▶ Work to complete: Give again, exactly as written, the lines of the records below from the line with "Il s'agit d'une" to the line with "Cette sculpture étonnante". Both end lines count; pictures do not.

▶ Given data:
▽

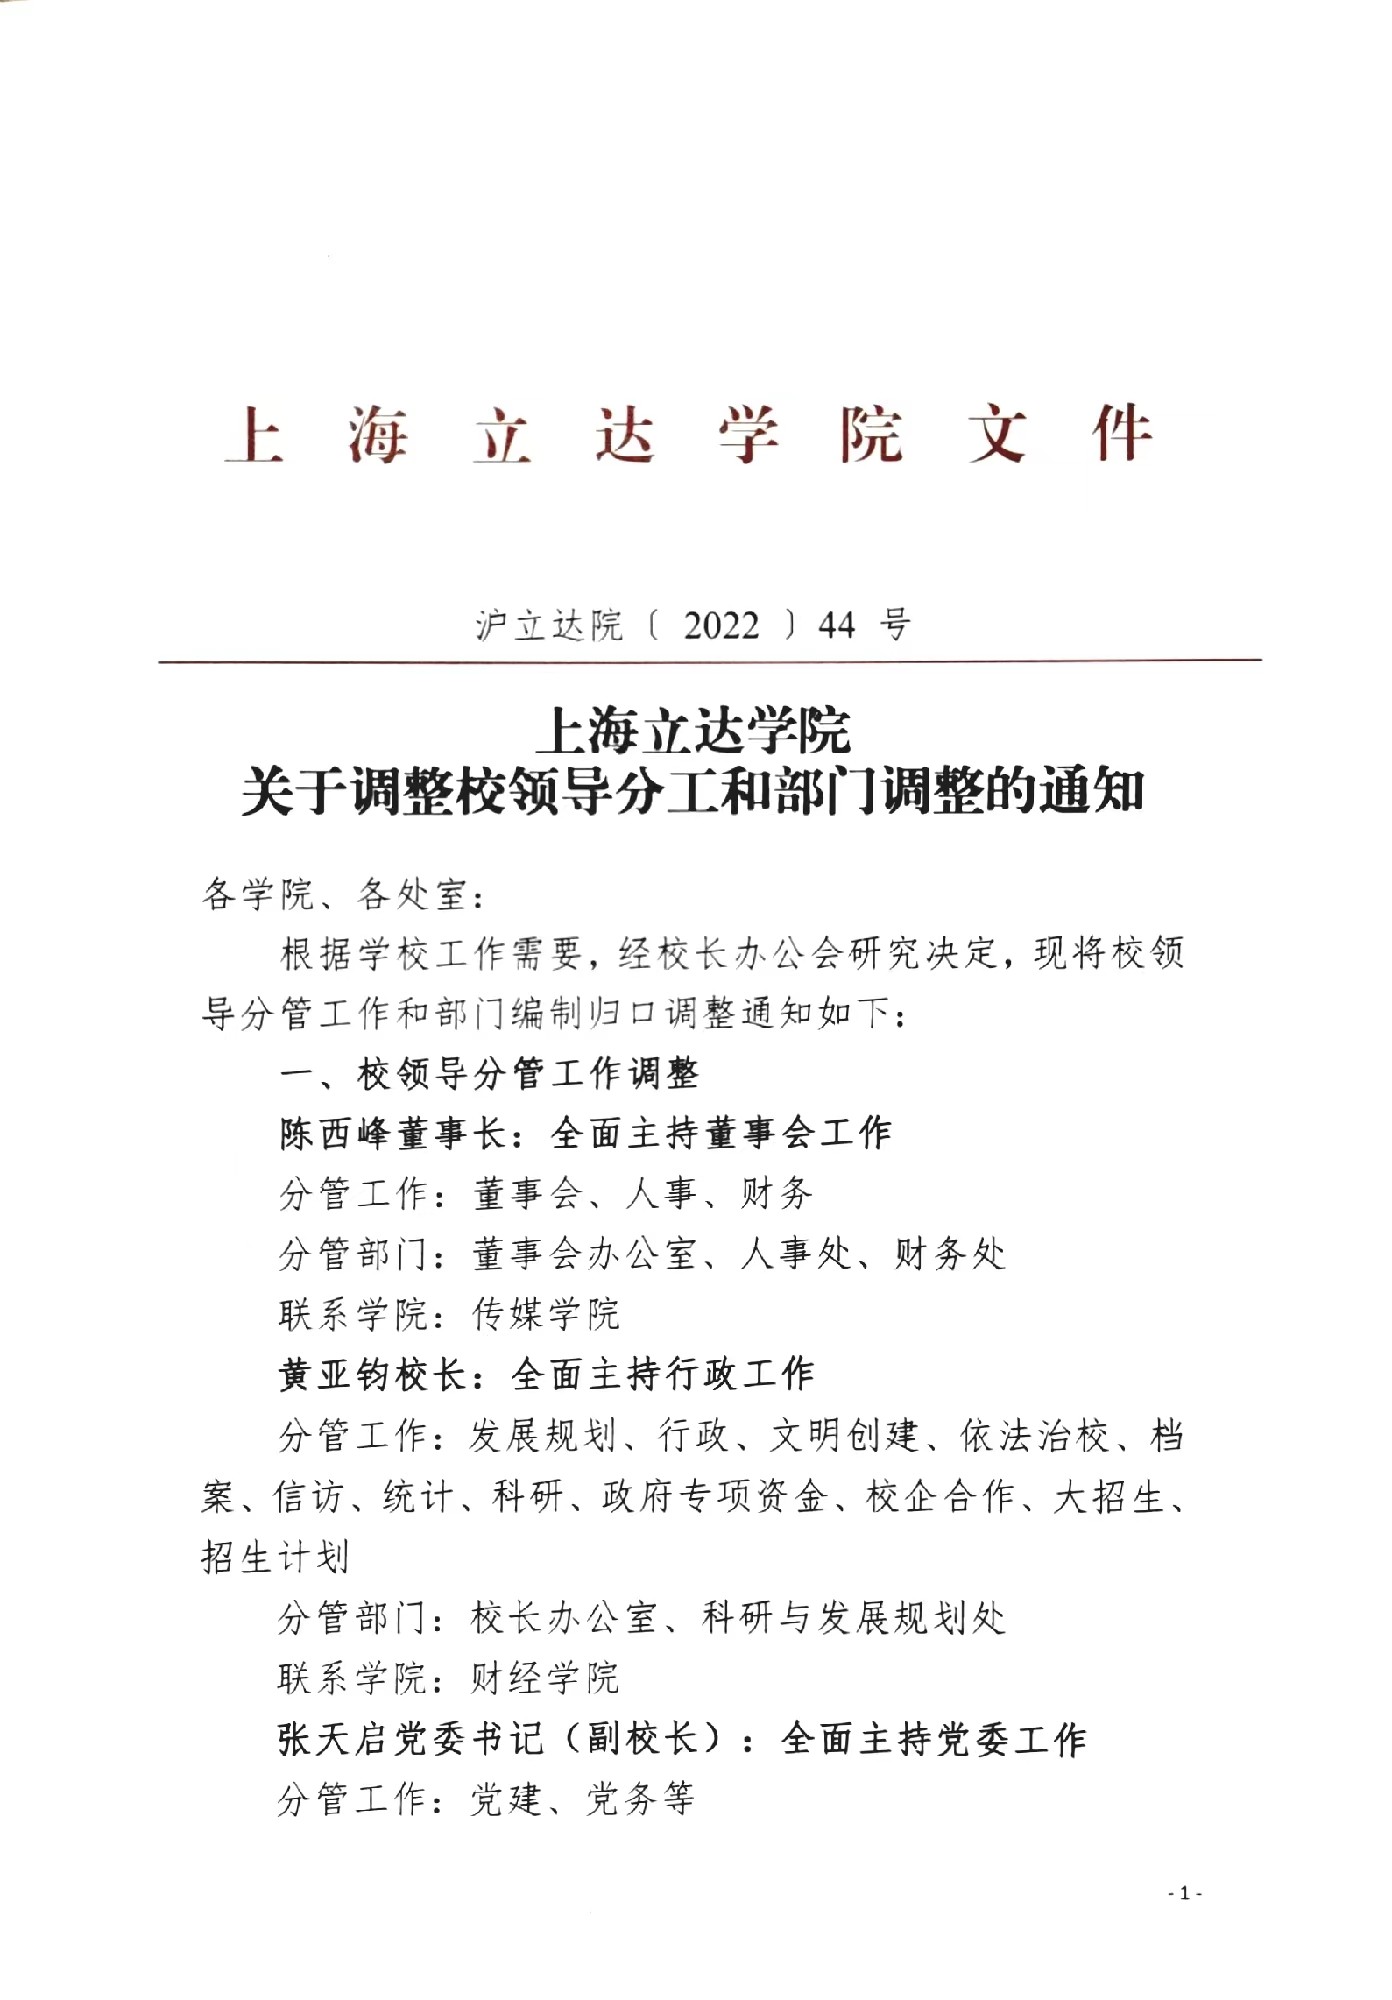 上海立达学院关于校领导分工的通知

△
▽

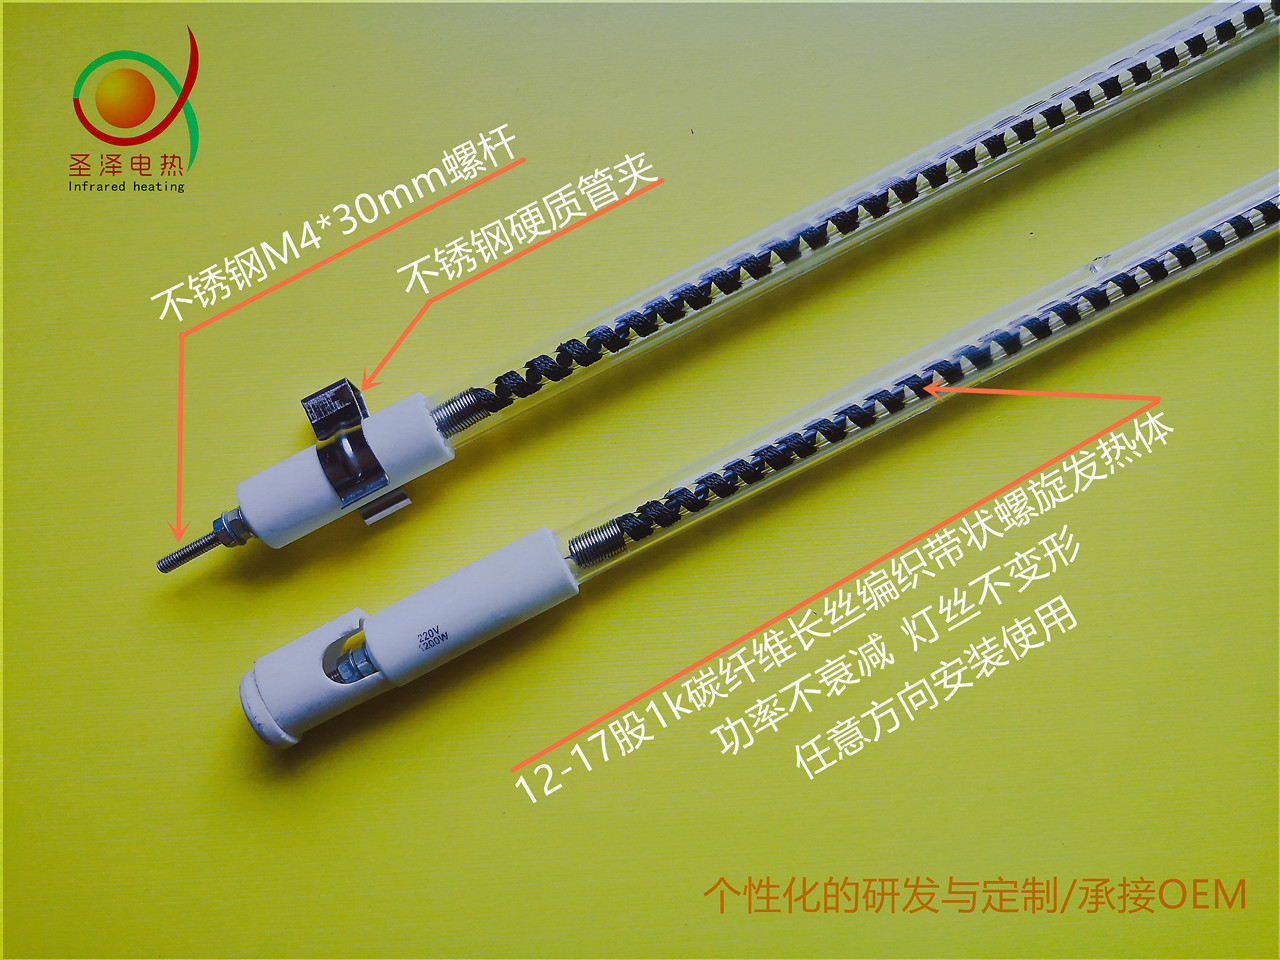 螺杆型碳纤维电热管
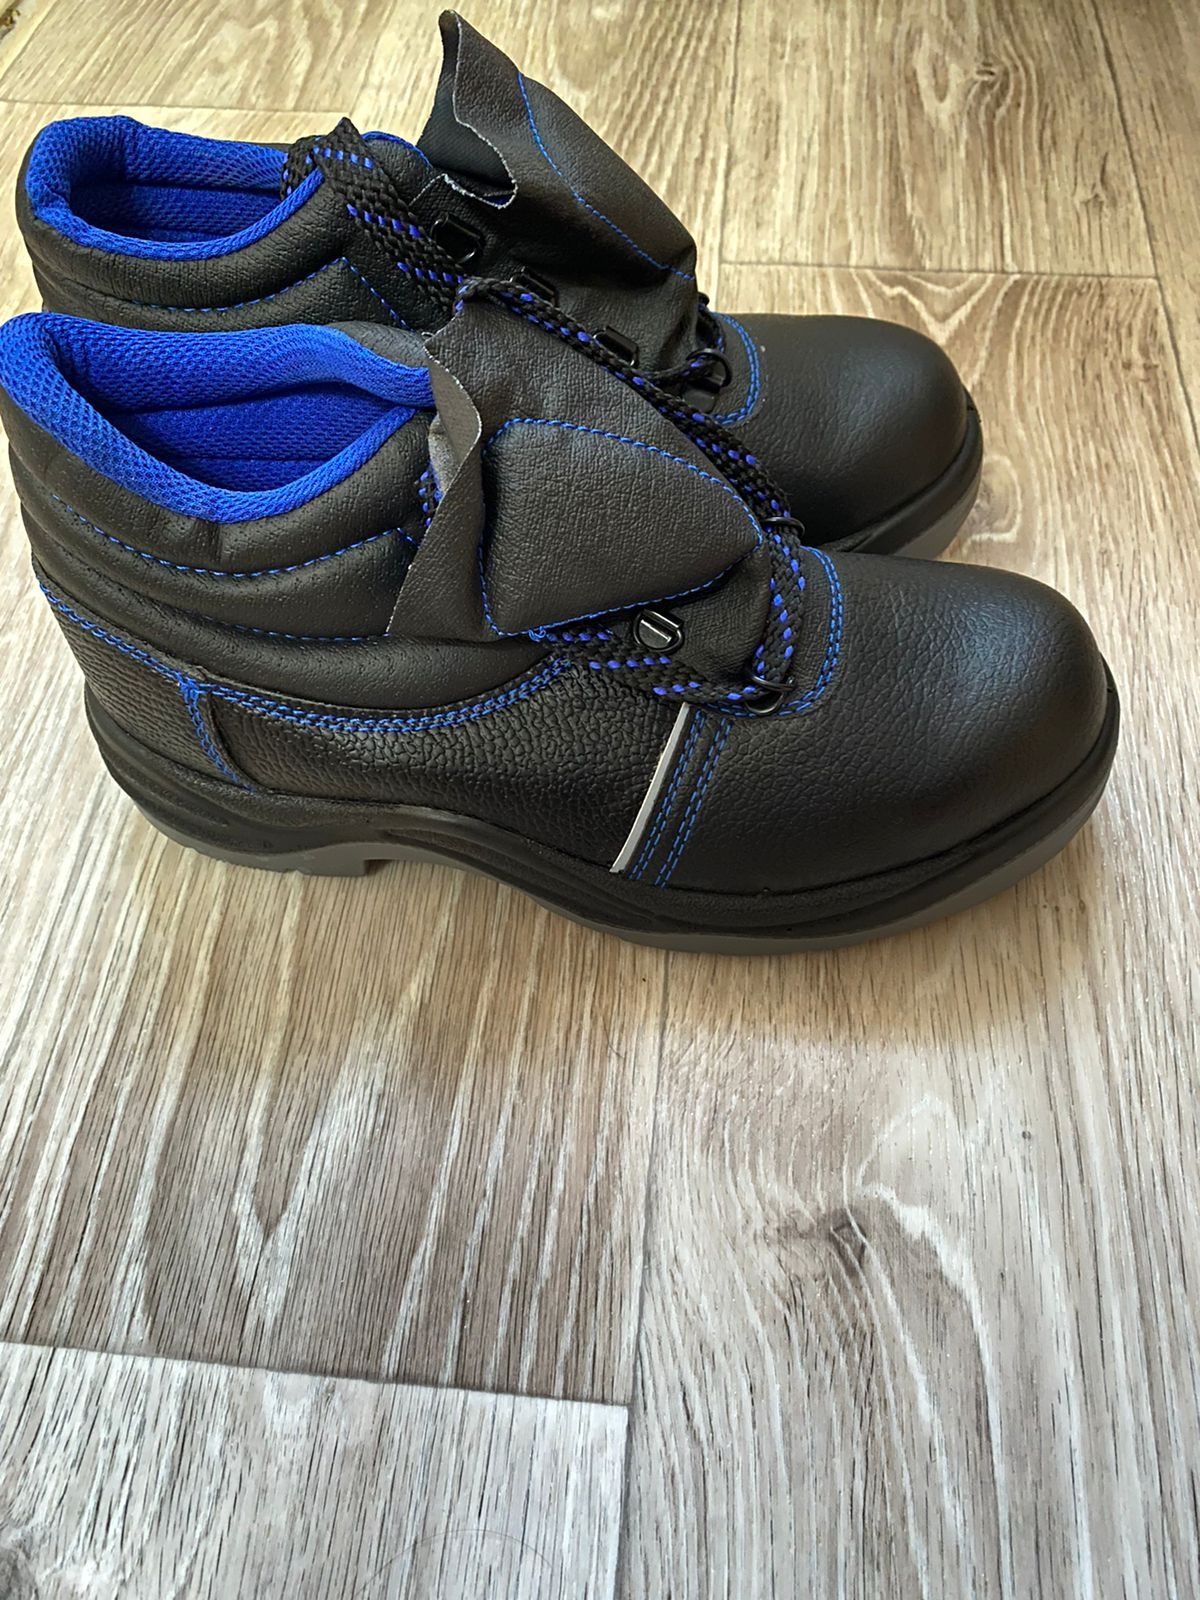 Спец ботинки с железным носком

△
▽

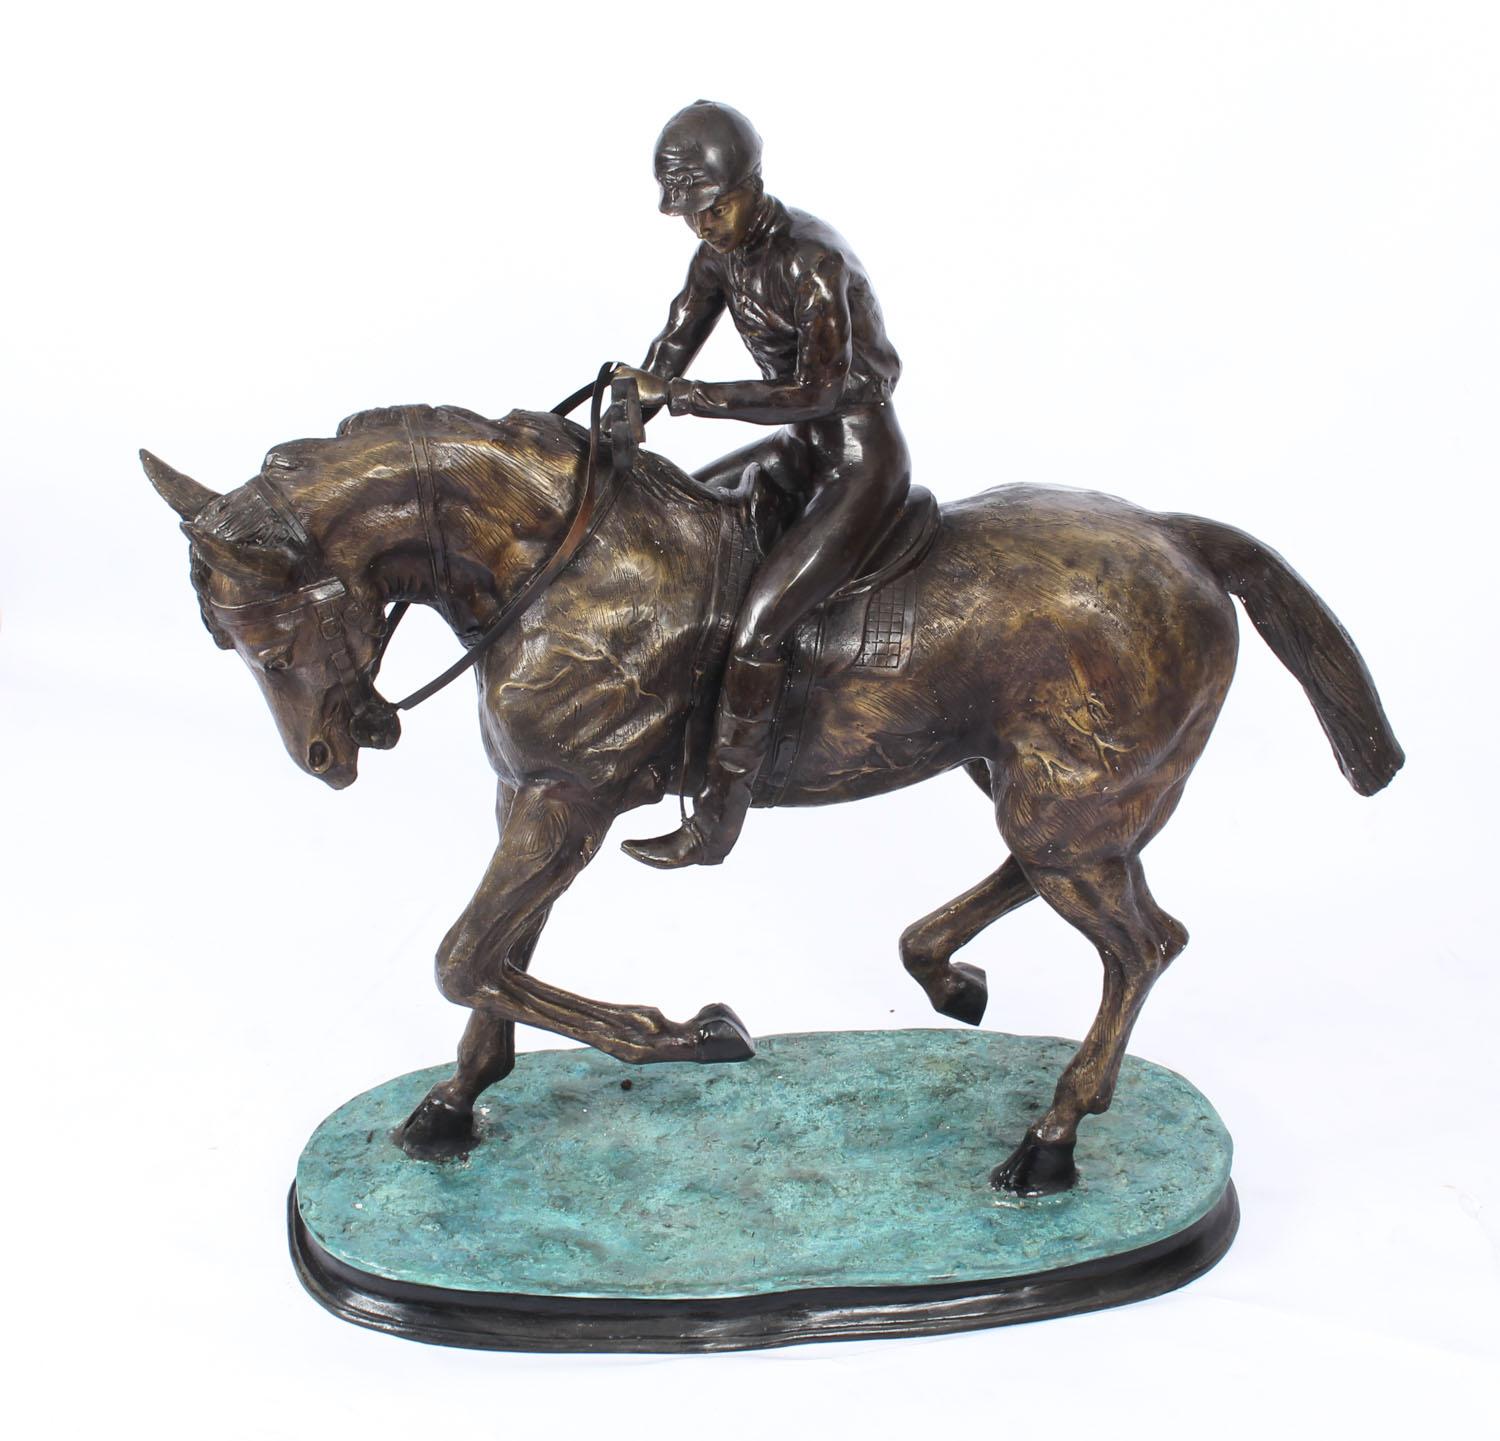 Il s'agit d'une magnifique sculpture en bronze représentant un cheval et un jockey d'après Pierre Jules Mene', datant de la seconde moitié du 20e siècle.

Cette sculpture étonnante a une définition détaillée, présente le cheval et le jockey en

△

▶ Answer:
 Il s'agit d'une magnifique sculpture en bronze représentant un cheval et un jockey d'après Pierre Jules Mene', datant de la seconde moitié du 20e siècle.

Cette sculpture étonnante a une définition détaillée, présente le cheval et le jockey en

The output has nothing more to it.